Retype the data below exactly, skipping pictures.
DATA EXTRACT Start Marker
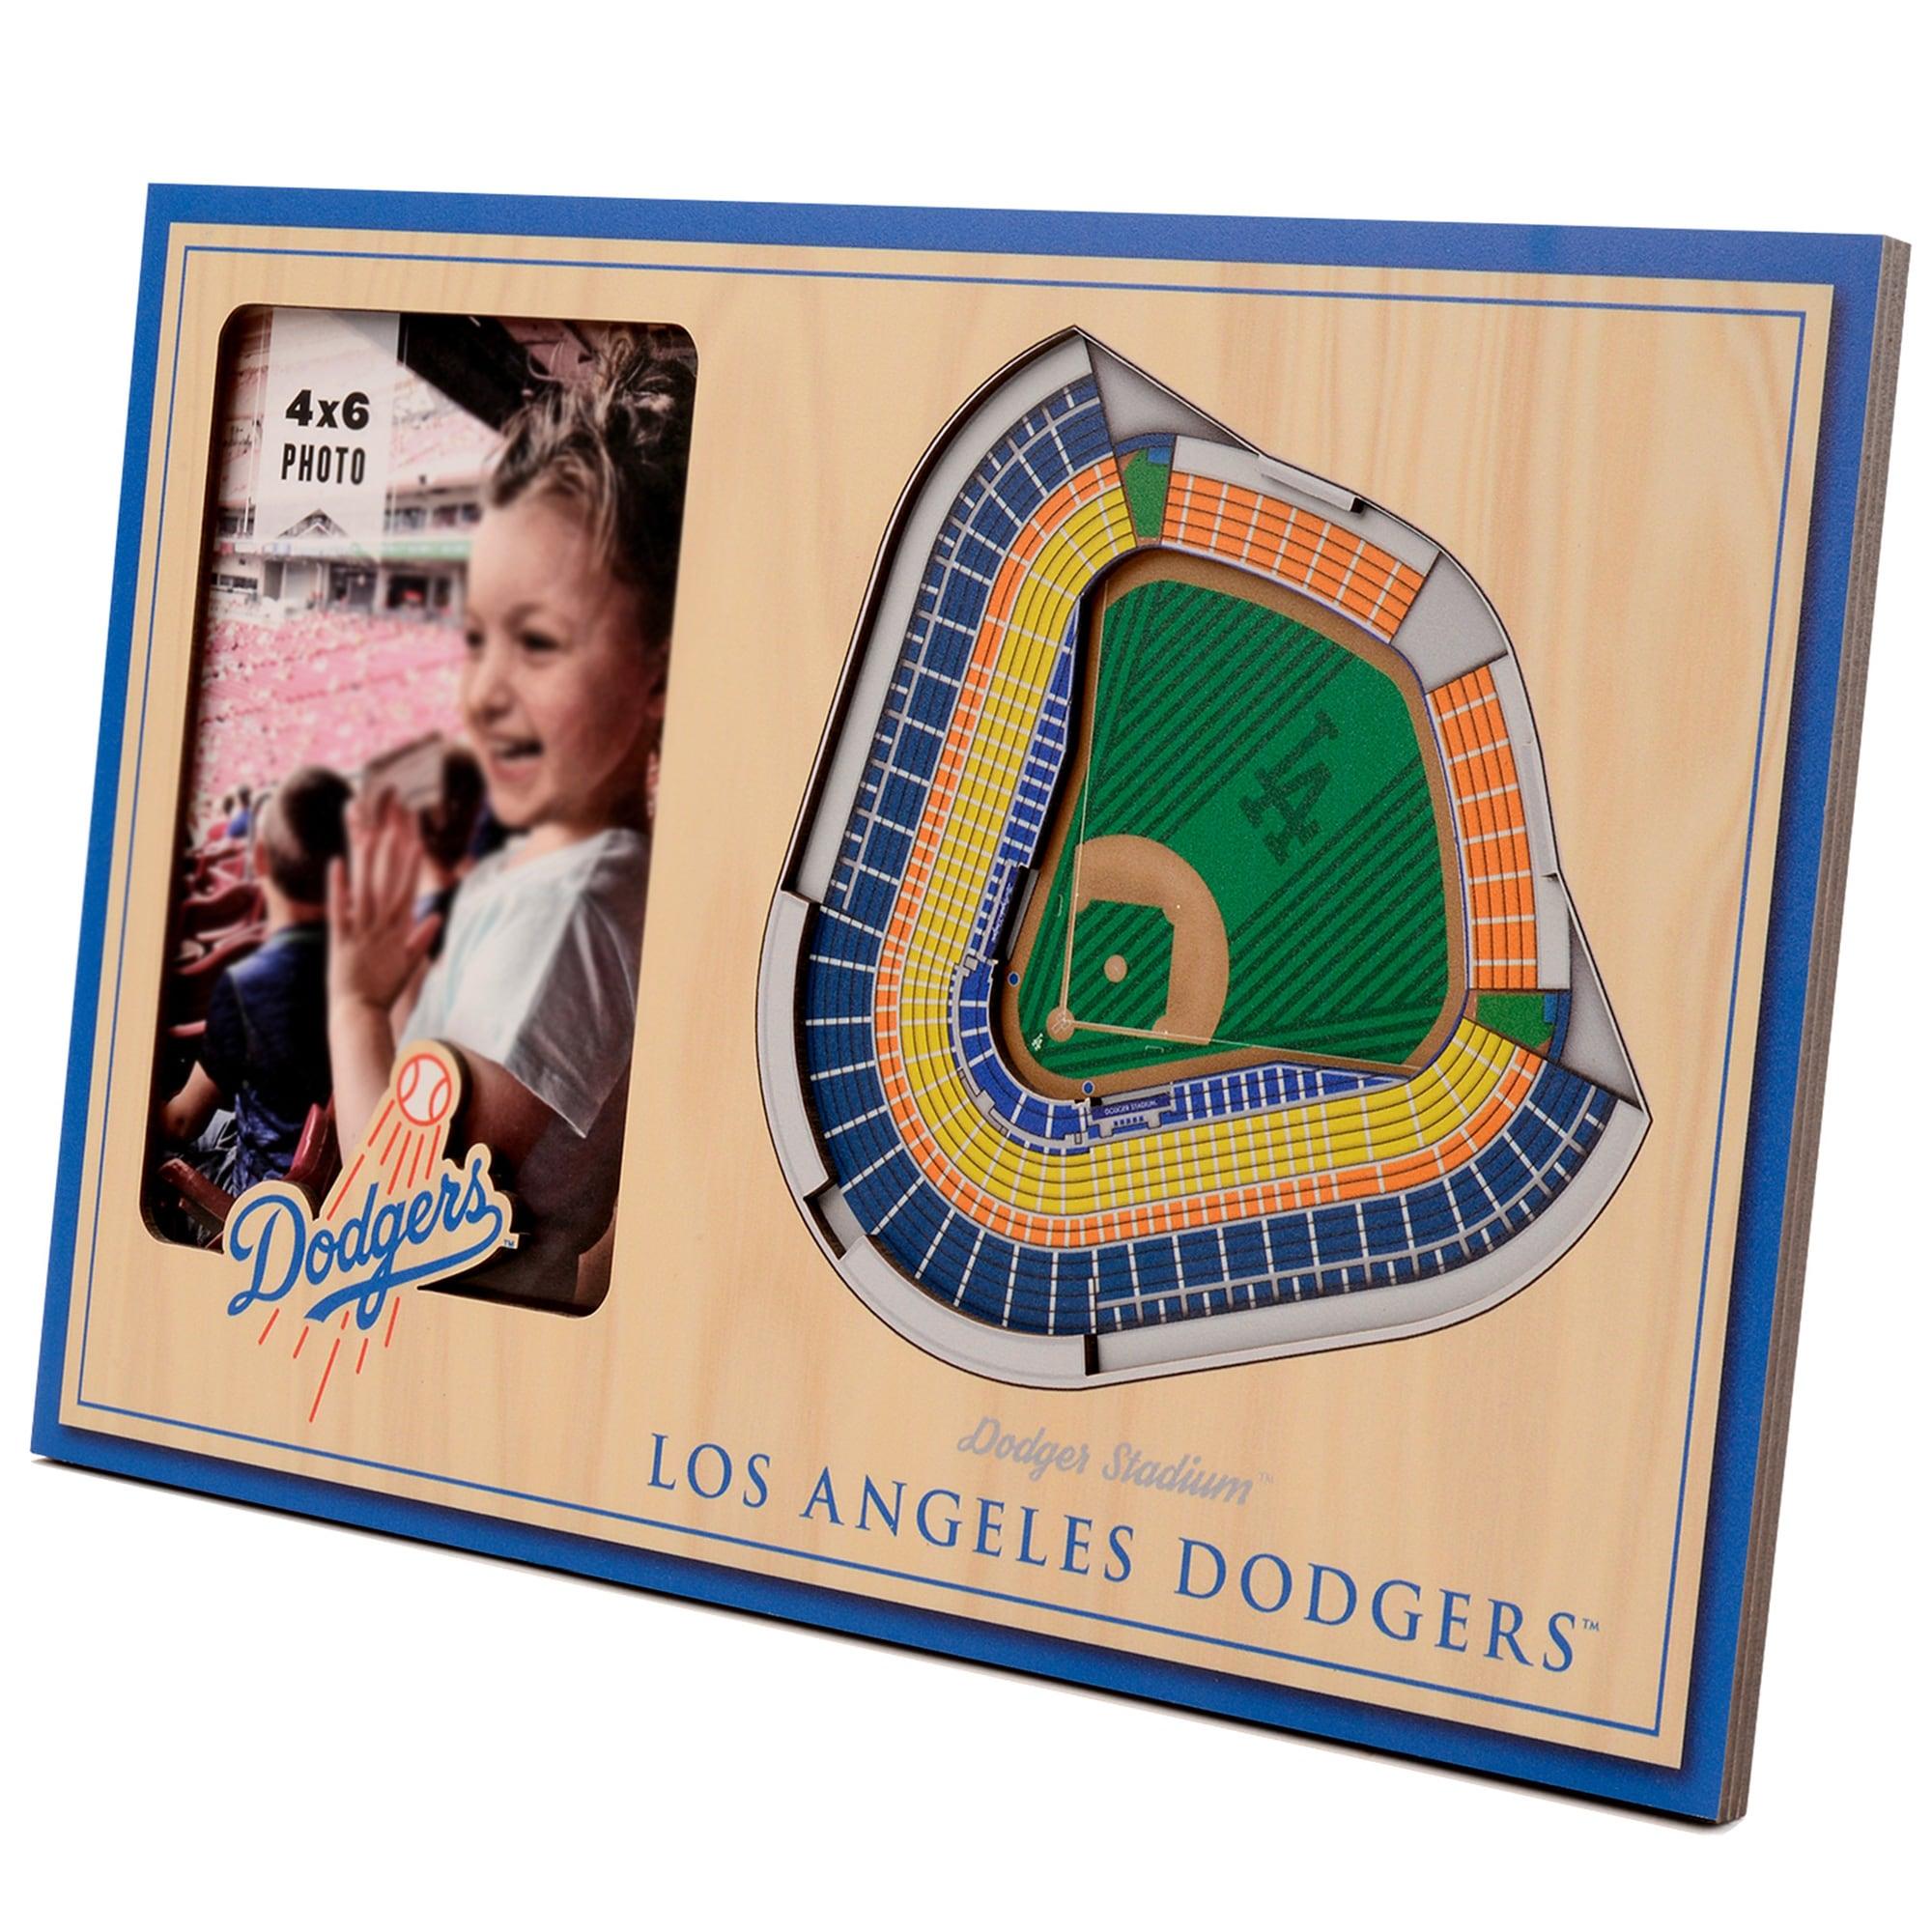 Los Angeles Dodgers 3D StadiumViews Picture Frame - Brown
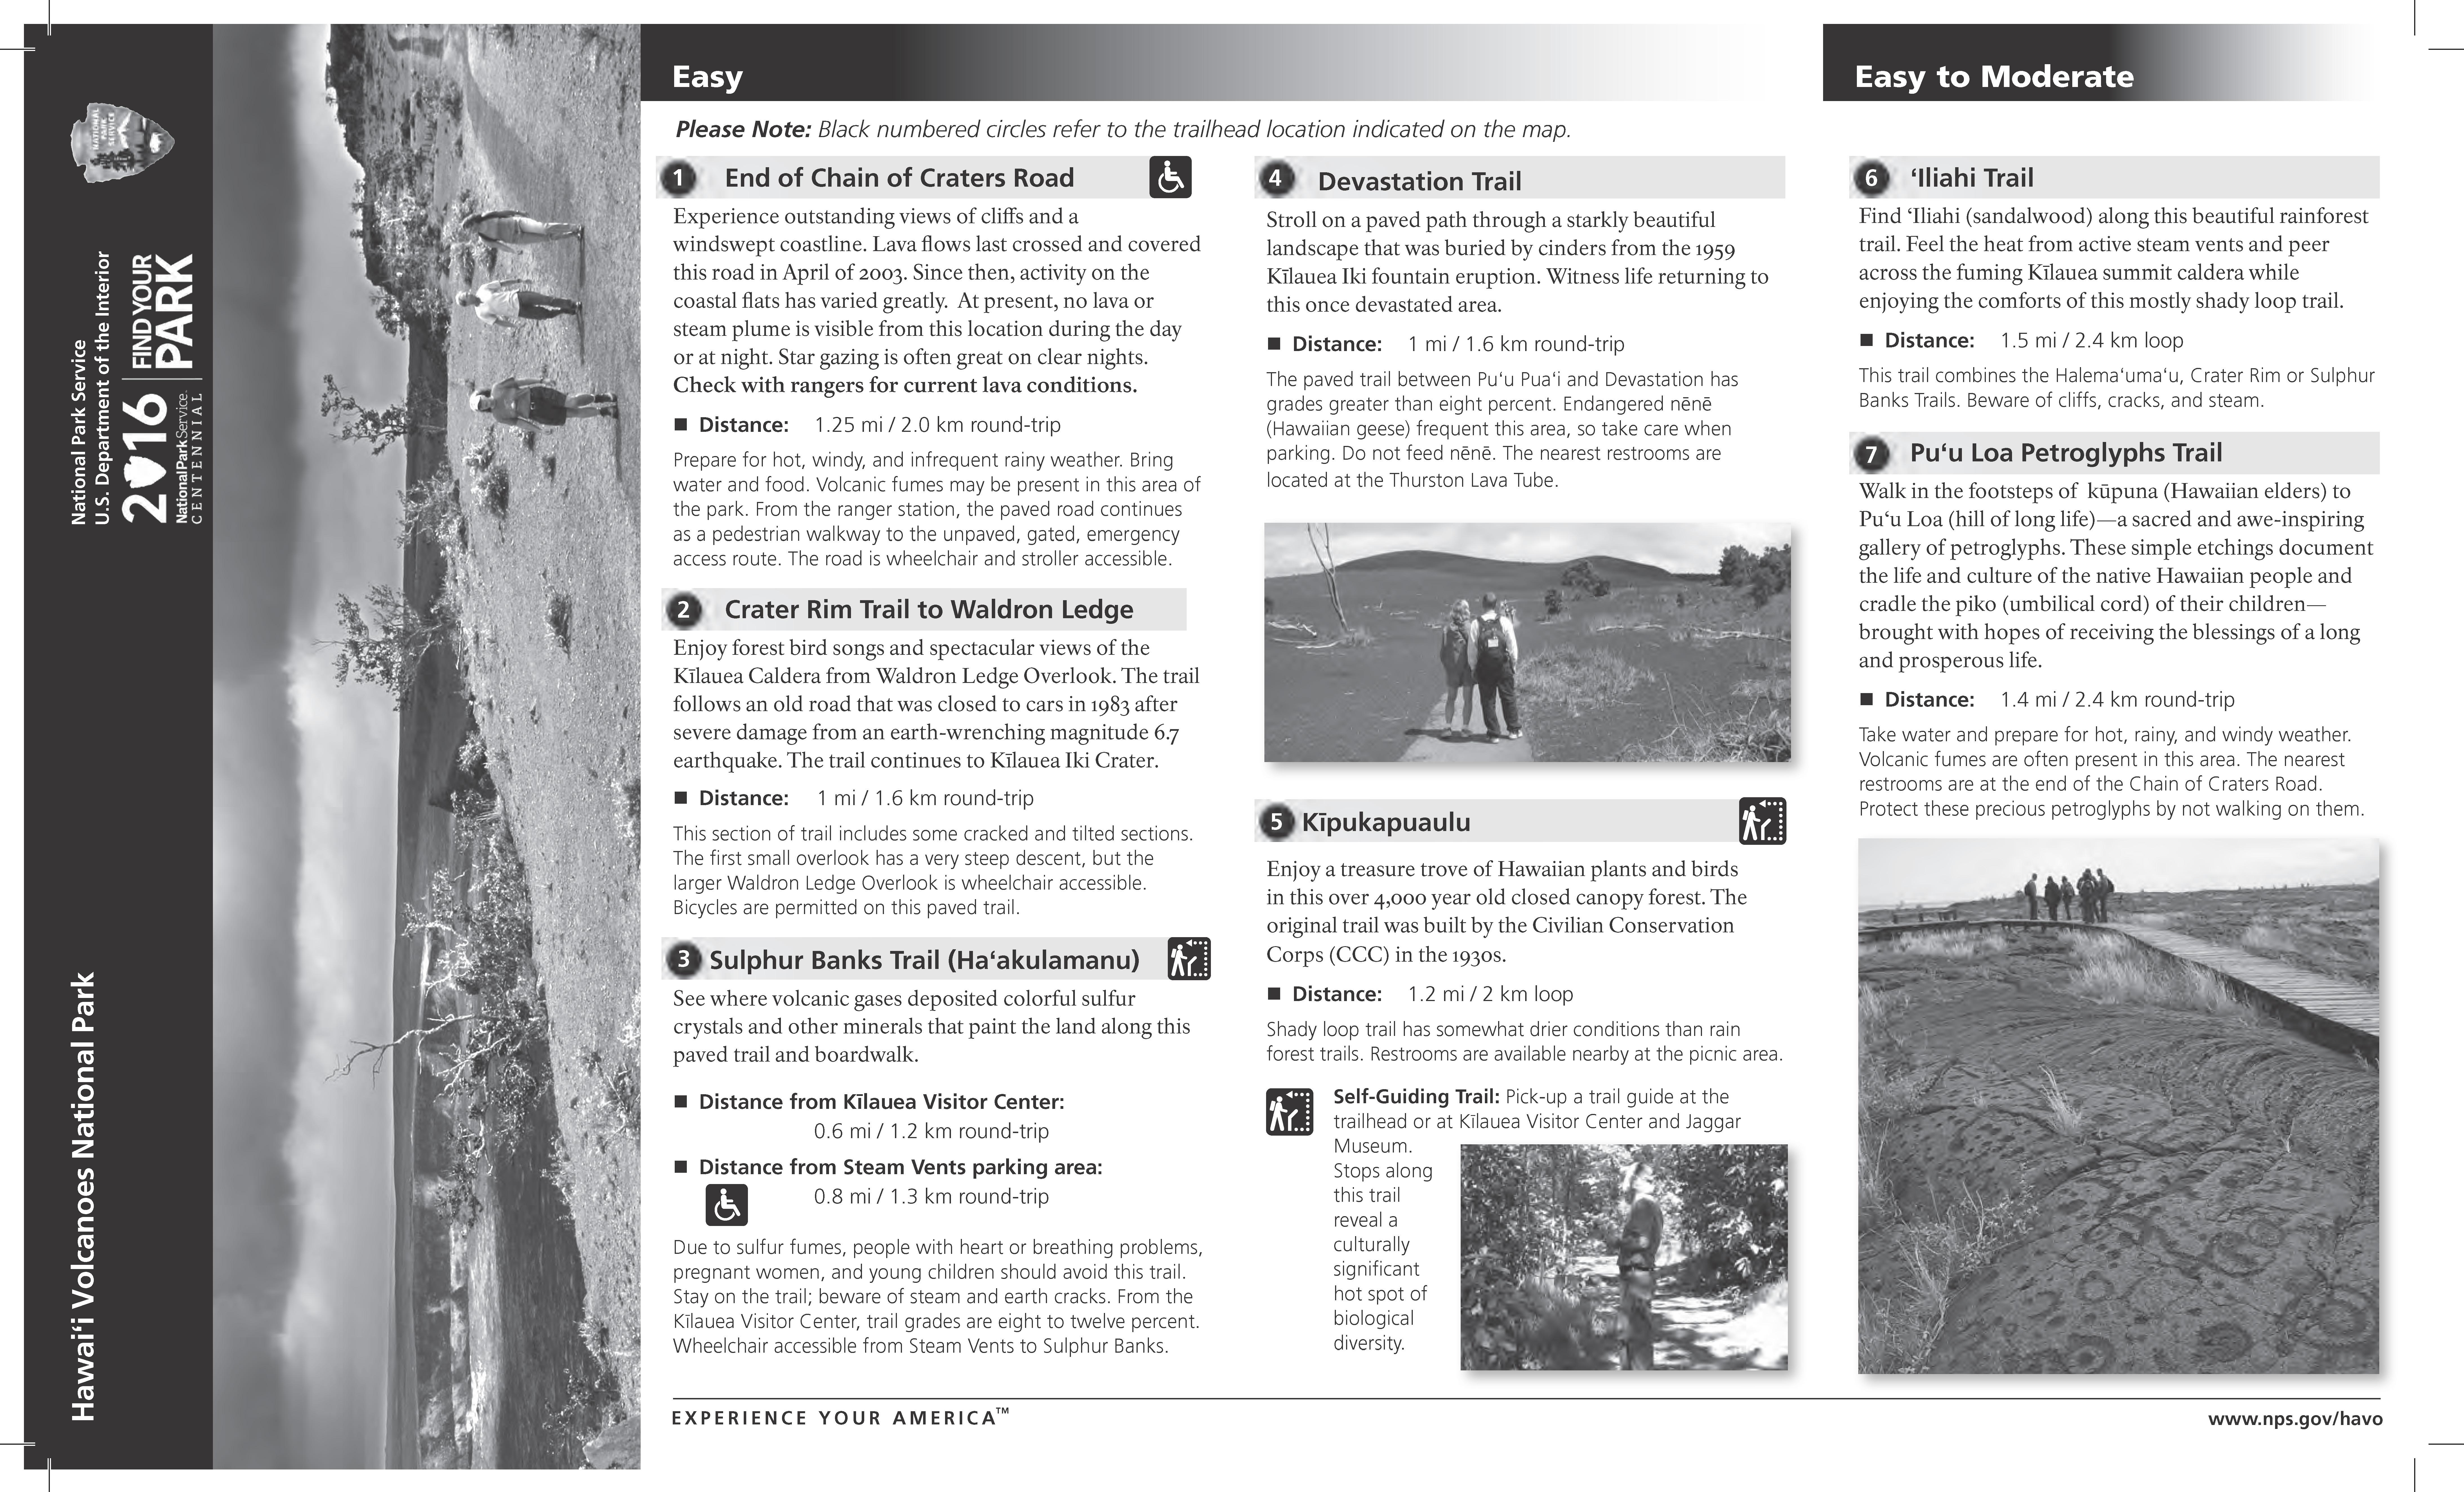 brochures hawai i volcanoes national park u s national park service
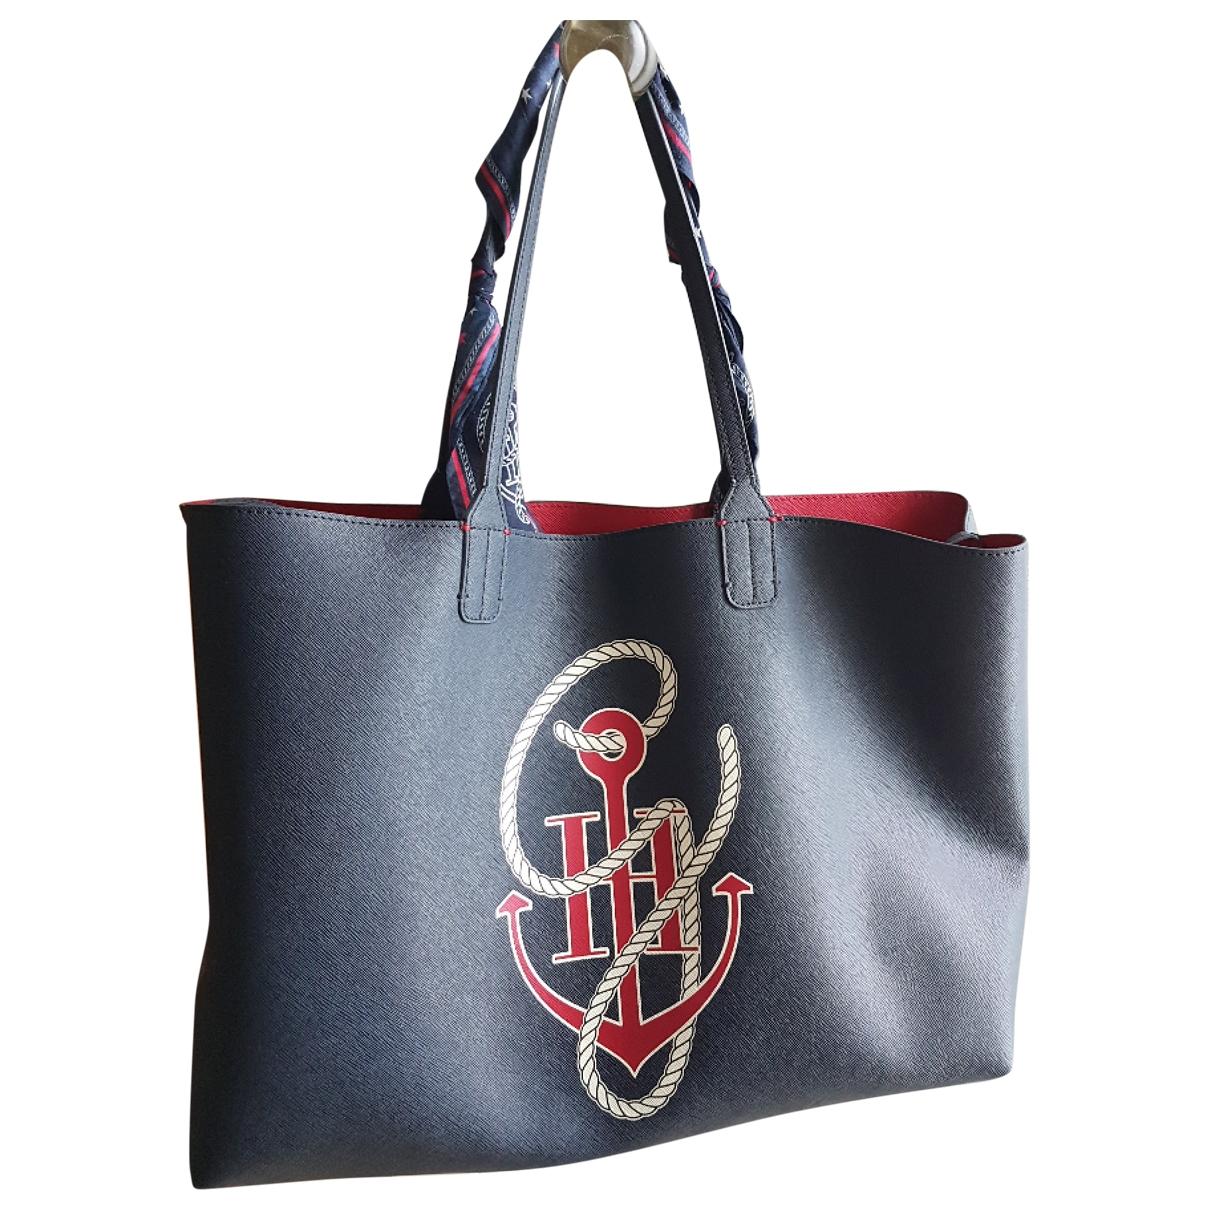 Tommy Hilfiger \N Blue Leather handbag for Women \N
DATA EXTRACT End Marker
COMPLETED EXERCISE:
 Los Angeles Dodgers 3D StadiumViews Picture Frame - Brown
 brochures hawai i volcanoes national park u s national park service
 Tommy Hilfiger \N Blue Leather handbag for Women \N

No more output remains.